Fizzy drink businesses have not exactly embraced a call by GPs for them to be taxed heavily to help tackle spiralling levels of obesity.
Spokesmen for the industry have unanimously dismissed claims that a tax would help Britain lose weight.
An industry body has said their products account for just 2% of calories in an average diet and it is what people consume overall which needs to be addressed.
Soft drinks manufacturers have argued an extra tax will not combat obesity
They also said sales of fizzy drinks have fallen during the last decade, but levels of obesity have risen.
Gavin Partington, director-general of the British Soft Drinks Association, said: "We share the recognition that obesity is a major public health priority but reject the idea that a tax on soft drinks, which contribute just 2% of the total calories in the average diet, is going to address a problem which is about overall diet and levels of activity.
"Over the last 10 years, the consumption of soft drinks containing added sugar has fallen by 9% while the incidence of obesity has been increasing, and 61% of soft drinks now contain no added sugar.
"Soft drinks companies are also committing to further, voluntary action as part of the Government's Responsibility Deal Calorie Reduction Pledge.
"Don't forget that there already is a 20% tax on soft drinks, 10p out of every 60p can of drink already goes to the Government thanks to VAT.
"Putting up taxes even further will put pressure on people's purses at a time when they can ill afford it."
The AMRC, which represents nearly every one of Britain's 220,000 doctors, is pressing the Government, the NHS and food organisations for action on what it calls the greatest public health crisis affecting the UK, the Guardian said.
Figures say one in four adults is obese and that number is expected to double by 2050, presenting an unresolvable problem.

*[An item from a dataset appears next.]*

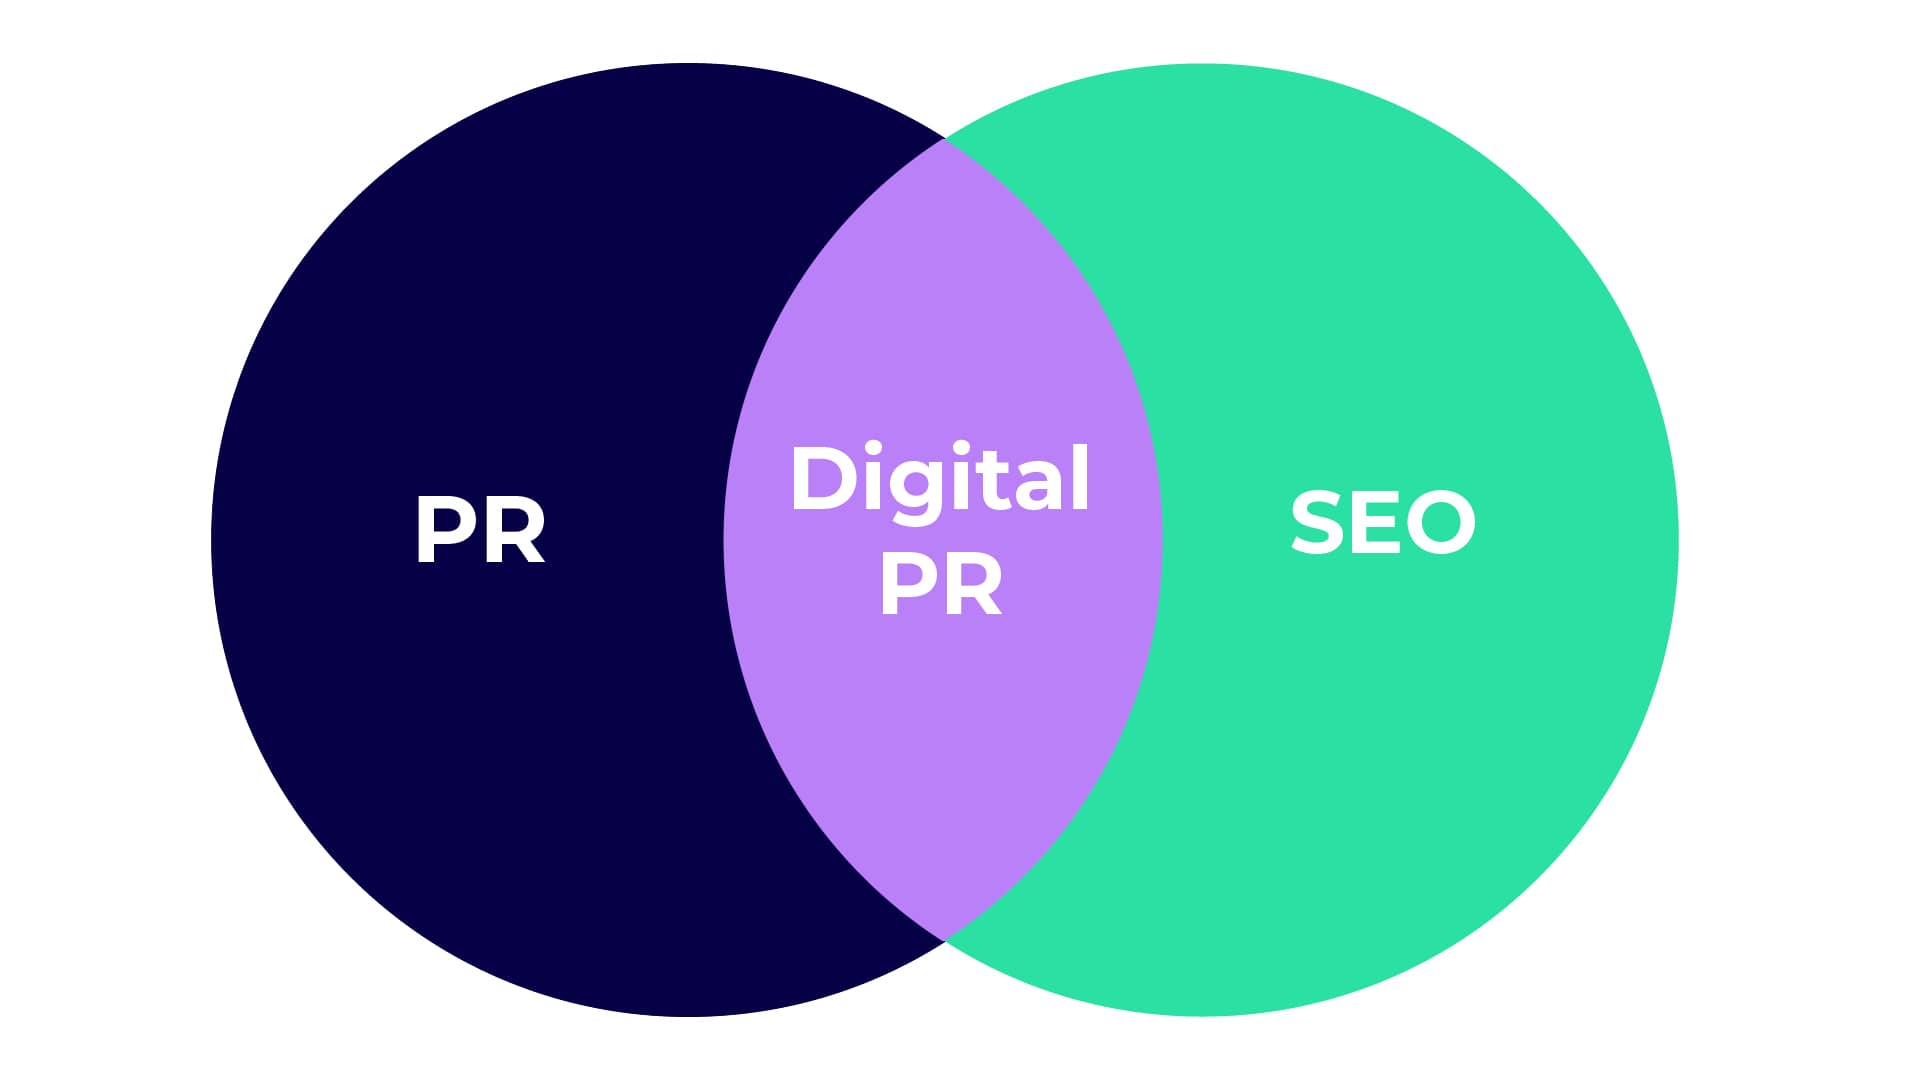 PR + SEO = Digital PR

The report says doctors from across the medical profession are united in their concerns, and criticised the present and previous governments for insufficient and ineffective attempts to tackle the problem.
Following a year-long inquiry, the AMRC has devised a list of 10 recommendations to stop the UK being the fat man of Europe.
These include taxes of 20% on sugary drinks for at least a year, banning the advertising of foods high in saturated fat, sugar and salt before 9pm, and councils having the power to limit the number of fast-food outlets near schools and leisure centres.
They also include advice for new parents on how to feed their children properly, NHS staff to talk to overweight patients at every appointment about their eating and exercise habits, and more surgery for the severely obese, to help those at risk of dying.
Professor Terence Stephenson, the chairman of the AMRC, told the Guardian the report is not a full solution to obesity, but attacked fizzy drinks, saying a tax on them is justified as they are the ultimate bad food.
And he told the BBC that while there is no silver bullet for tackling obesity, the eating culture needs to be changed to make it easier for people to make healthy decisions.
"I choose what I eat or whether I smoke. What people have told us is they want help to swim with the tide rather than against the current to make the healthy choice the easy one," he said.
"Doctors are often accused of playing the nanny state. We didn't hear from a single person who said they liked being overweight - everybody we met wanted help from the state and society.
"If we didn't have things like this we wouldn't have speed limits that save lives, we wouldn't have drink-driving limits that save lives.
"There's a host of things that society and state does to help us live long, healthy, fulfilling lives and we're just suggesting something similar."
But the Food and Drink Federation (FDF), which represents manufacturers, also dismissed the report, saying it added little to an important debate.
Terry Jones, from the FDF, told the BBC: "The Academy of Medical Royal Colleges has presented as its recommendations a collection of unbalanced ideas apparently heavily influenced by single-issue pressure groups.
"FDF had hoped that today's report would have looked seriously at how the food industry and the medical profession would have worked together to tackle obesity, and genuinely brought new insights to bear on how to empower healthier choices and change behaviour to deliver better long-term public health outcomes.
"This report fails to do that."
The Department of Health (DoH) acknowledged that the threat posed by obesity in both adults and children is one of today's most important public health challenges.
A DoH spokesman said: "This wide-ranging report from the Academy of Medical Royal Colleges recognises, as did our own recent Call To Action On Obesity, that there is no single answer to the obesity problem.
"It is up to everyone - Government, industry, health professionals and voluntary groups, as well as individuals themselves - to work jointly to promote healthy eating and healthy lifestyles."